2. The method according to claim 1, characterized in that, The reaction program for the one-step reverse transcription and amplification is as follows: 50℃ for 10 min; 98℃ for 2 min; 98℃ for 10 s, 60℃ for 10 s, 72℃ for 5.5 min, for 35 cycles; 72℃ for 5 min.

3. The method of claim 1, wherein, The third-generation sequencing method includes the following steps: (1) The amplification products were purified using Beckman™ AMPure XP Beads and a magnetic rack; (2) The purified product obtained in step (1) was processed by tailing, barcoding, and sequencing adapter addition using the Nanopore™ Native Barcoding Kit 24 v14. (3) Sequencing was performed using the Nanopore™ MinION flow cell R10.

4. The generated files were output by Dorado in fastq format and could be used for downstream analysis.

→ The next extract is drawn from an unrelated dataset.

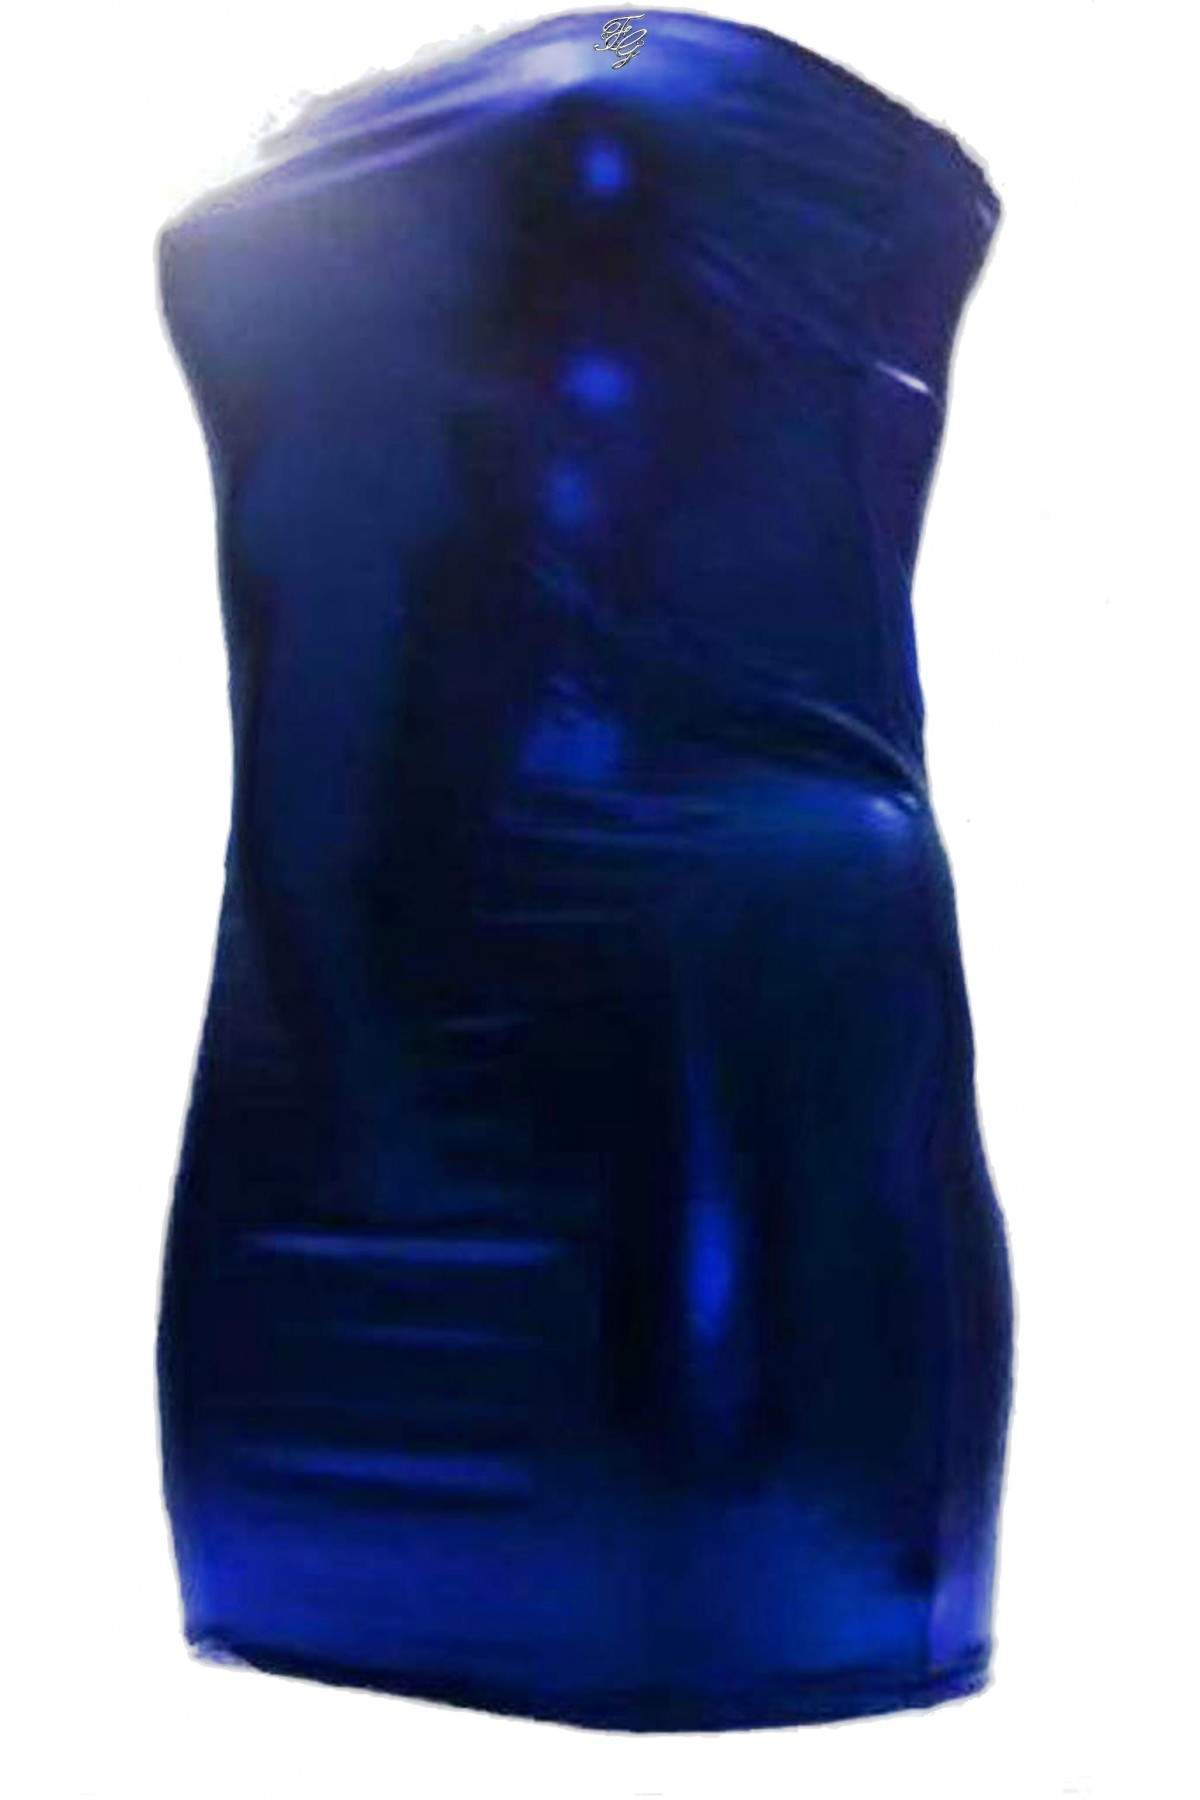 Gogo Wetlook Bandeau Dress Blue Sizes 44 - 52 lengths to 75 cm -

4. The method of claim 3, wherein, The method for analyzing third-generation sequencing data based on dengue virus phylogenetic tree, standard reference sequence, serotype, genotype, and strain information includes the following steps: (1) Use the fastp program to filter the fastq format file as described in claim 3; (2) Use SAMTools and Minimap2 in conjunction with a standard reference sequence to perform sequence alignment on the filtering results obtained in step (1); (3) Use the analysis program developed in conjunction with the TIPars program to identify the phylogenetic position of the sequence obtained in step (2) on the phylogenetic tree; (4) Output the relevant phylogenetic information of the sample sequence based on the serotype, genotype, and evolutionary position of the reference sequence that is closest to the sample sequence in phylogenetic position; (5) Based on the filtering results, the mutations that the dengue virus may carry in the sample can be directly analyzed by comparing the output sequencing results with the standard reference sequence.